Question

Why is Solid $ Pb{I_2} $ yellow, yet a solution of the salt in water is colorless?

Answer 1

Hint: Lead Iodide is formed as the result of reaction between the lead nitrate and potassium iodide. The reaction between the lead nitrate and potassium iodide is a double displacement reaction. When the aqueous solution of lead iodide is taken then it is a colorless solution because of colorless products formed.
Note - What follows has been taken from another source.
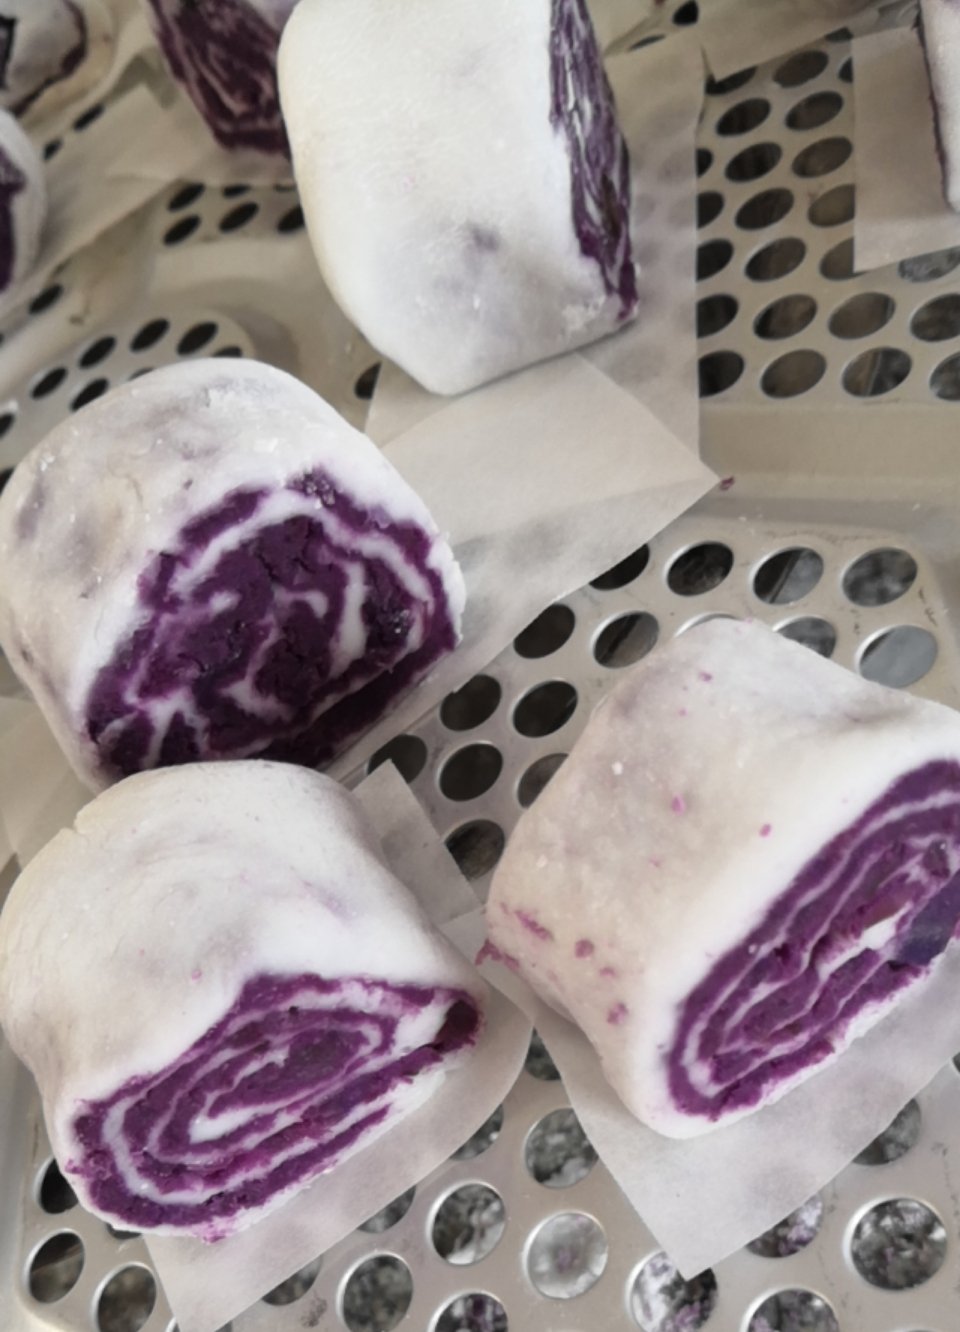 水晶紫薯卷(木薯淀粉版)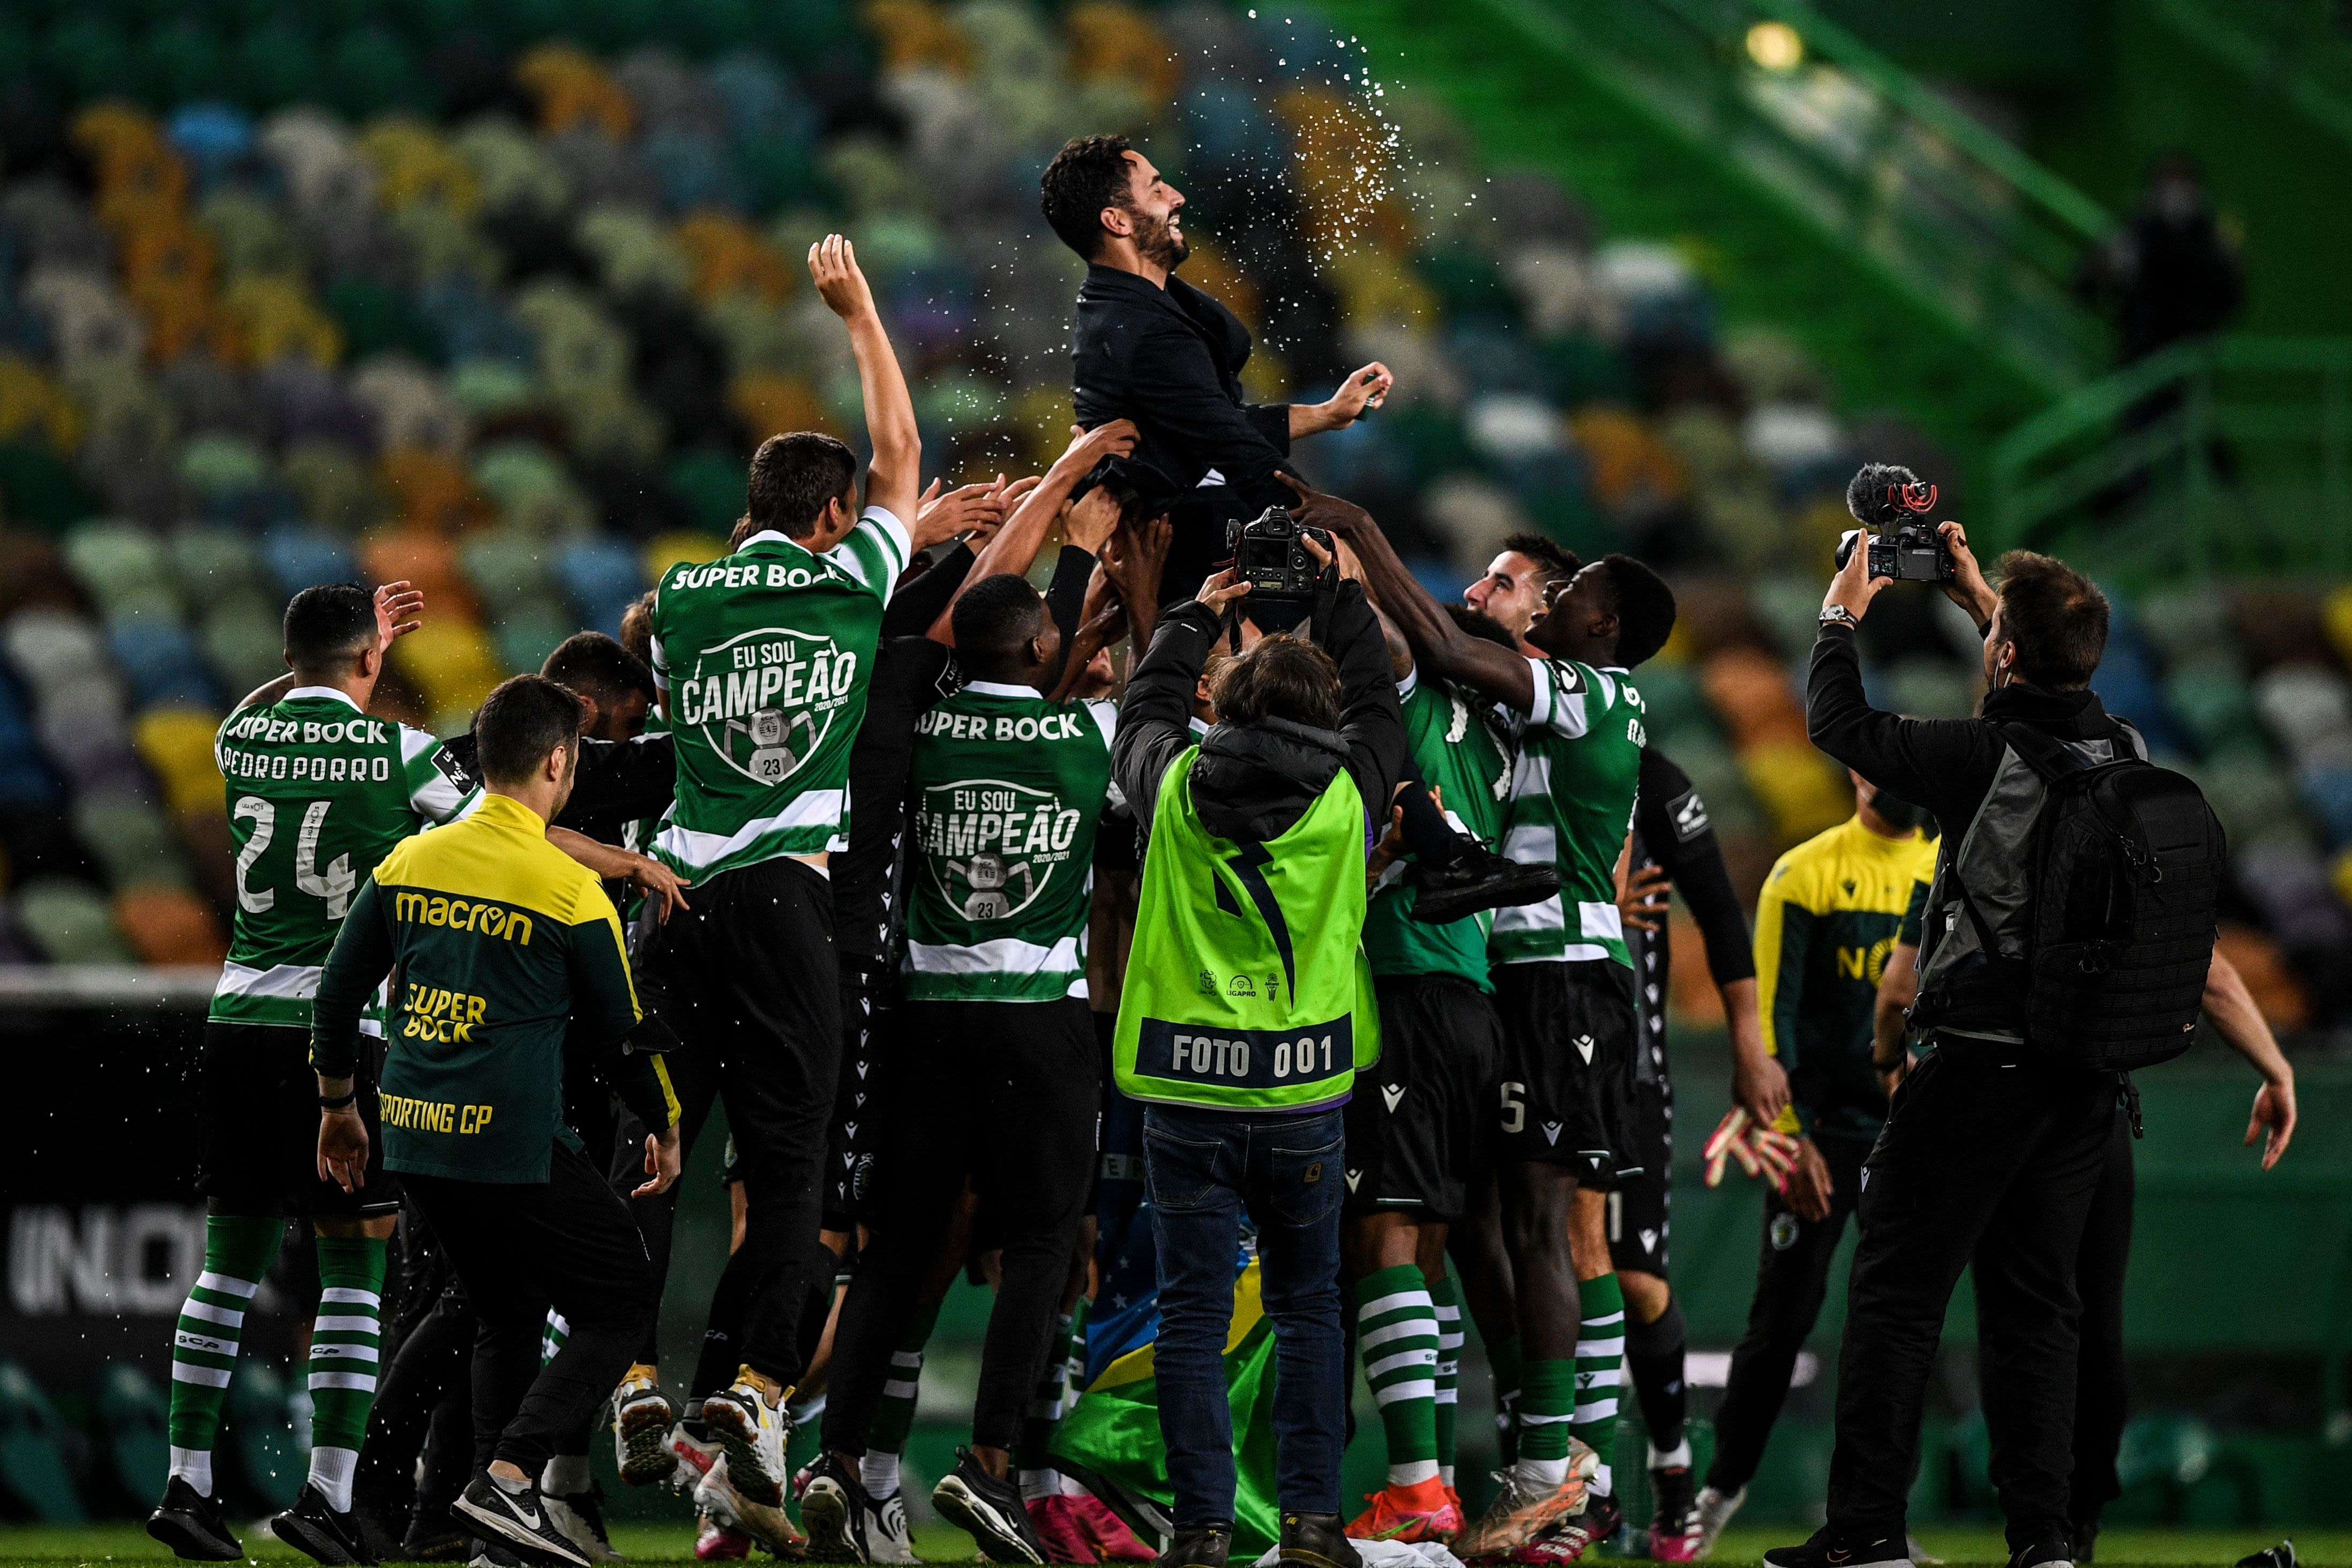 Sporting CP on X: #SportingB  ⏹️ FINAL DO JOGO: Derrota dos

Complete Step By Step Answer:
The formation of lead iodide can be represented by the following reaction:
 $ Pb{\left( {N{O_3}} \right)_2}(aq.){\text{ }} + {\text{ }}2KI(aq.){\text{ }} \to {\text{ }}Pb{I_2}(s) \downarrow {\text{ }} + {\text{ }}2KN{O_3}(aq.) $
Therefore when we add lead nitrate to the solution of potassium iodide then we get a solution of potassium nitrate in which precipitate of lead iodide is formed. The precipitate so formed is yellow in colour. When we take its aqueous solution then it is colourless since the reactants of the reaction are colourless. Therefore we can say that lead nitrate is colourless and potassium iodide is also colourless. The above reaction is a double displacement reaction. Here the lead of lead nitrate gets displaced with potassium of potassium iodide. Therefore the result is that lead iodide is formed. Lead iodide gets precipitated because it is insoluble in water. When we take aqueous solution of the lead iodide the colour of solution will be colourless as lead nitrate and potassium iodide are colourless in aqueous solution.

Note:
Double displacement reactions are those reactions in which there is displacement of two elements of different compounds. Therefore the above reaction is also considered as a double displacement reaction. Since reactants are colourless in aqueous solution therefore the aqueous solution of salt will be colourless in nature. The sign $ \downarrow $ indicates that it is settled down at the bottom of the container.